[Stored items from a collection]
= Beginning of Section =

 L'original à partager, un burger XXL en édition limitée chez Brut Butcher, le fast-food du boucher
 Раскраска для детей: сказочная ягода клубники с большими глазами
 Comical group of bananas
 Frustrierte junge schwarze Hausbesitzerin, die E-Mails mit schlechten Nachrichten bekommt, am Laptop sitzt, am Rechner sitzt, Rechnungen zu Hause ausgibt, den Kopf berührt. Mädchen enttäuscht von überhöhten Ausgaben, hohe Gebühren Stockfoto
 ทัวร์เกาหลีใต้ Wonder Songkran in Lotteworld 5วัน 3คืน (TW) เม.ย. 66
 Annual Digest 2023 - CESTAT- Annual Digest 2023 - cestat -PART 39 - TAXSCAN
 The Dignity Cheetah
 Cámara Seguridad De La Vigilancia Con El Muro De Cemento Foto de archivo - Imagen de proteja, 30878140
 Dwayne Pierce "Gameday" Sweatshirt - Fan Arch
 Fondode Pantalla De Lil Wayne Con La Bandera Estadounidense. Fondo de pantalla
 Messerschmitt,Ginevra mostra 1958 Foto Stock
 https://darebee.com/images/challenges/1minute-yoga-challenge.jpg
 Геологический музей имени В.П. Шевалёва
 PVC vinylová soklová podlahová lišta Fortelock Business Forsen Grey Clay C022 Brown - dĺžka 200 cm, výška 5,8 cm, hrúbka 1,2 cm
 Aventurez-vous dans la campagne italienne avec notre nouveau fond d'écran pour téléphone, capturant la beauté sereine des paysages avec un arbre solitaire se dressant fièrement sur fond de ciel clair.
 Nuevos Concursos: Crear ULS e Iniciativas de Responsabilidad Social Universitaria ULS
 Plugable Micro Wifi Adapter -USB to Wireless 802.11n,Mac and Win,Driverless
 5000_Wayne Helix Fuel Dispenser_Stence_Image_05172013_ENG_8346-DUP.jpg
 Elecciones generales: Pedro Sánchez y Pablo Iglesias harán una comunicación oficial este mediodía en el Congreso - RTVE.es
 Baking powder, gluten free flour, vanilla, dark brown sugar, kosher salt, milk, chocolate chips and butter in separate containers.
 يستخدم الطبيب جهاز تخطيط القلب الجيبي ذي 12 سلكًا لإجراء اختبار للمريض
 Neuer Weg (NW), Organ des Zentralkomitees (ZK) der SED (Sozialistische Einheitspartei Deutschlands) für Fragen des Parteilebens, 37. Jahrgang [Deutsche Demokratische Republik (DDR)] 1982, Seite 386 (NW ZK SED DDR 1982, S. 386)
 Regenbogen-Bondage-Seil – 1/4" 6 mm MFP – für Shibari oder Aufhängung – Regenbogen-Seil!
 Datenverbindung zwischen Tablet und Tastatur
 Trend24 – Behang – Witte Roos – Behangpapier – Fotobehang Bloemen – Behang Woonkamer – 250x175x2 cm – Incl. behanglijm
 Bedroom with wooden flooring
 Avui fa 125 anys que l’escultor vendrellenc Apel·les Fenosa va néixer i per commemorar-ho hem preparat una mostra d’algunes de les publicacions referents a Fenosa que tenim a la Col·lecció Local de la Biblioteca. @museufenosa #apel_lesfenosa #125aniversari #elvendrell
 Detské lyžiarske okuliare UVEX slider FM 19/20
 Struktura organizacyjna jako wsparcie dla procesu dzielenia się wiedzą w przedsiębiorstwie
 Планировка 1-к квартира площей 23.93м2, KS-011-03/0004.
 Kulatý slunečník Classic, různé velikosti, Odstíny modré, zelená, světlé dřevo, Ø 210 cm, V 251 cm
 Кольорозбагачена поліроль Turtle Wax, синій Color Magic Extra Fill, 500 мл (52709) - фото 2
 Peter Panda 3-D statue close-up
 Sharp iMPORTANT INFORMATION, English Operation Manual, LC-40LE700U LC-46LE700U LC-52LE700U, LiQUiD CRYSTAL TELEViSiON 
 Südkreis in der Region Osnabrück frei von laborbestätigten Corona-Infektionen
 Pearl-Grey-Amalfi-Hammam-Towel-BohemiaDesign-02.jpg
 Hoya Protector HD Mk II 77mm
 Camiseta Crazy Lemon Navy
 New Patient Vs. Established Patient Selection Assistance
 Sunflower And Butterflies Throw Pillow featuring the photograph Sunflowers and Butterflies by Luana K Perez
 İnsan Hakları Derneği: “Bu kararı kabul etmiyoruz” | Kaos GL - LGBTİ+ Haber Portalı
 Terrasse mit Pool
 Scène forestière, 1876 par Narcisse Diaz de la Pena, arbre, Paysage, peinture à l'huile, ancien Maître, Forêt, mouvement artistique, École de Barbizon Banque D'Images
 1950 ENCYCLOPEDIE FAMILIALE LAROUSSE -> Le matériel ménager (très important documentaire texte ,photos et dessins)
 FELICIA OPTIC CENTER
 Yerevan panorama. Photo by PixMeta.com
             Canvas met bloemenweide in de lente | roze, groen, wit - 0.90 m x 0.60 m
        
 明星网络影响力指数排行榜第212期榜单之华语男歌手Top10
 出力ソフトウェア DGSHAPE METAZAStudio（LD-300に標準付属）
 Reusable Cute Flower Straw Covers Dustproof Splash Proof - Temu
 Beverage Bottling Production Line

= End of Section =

Return from the data every line that holds "Grey".

 PVC vinylová soklová podlahová lišta Fortelock Business Forsen Grey Clay C022 Brown - dĺžka 200 cm, výška 5,8 cm, hrúbka 1,2 cm
 Pearl-Grey-Amalfi-Hammam-Towel-BohemiaDesign-02.jpg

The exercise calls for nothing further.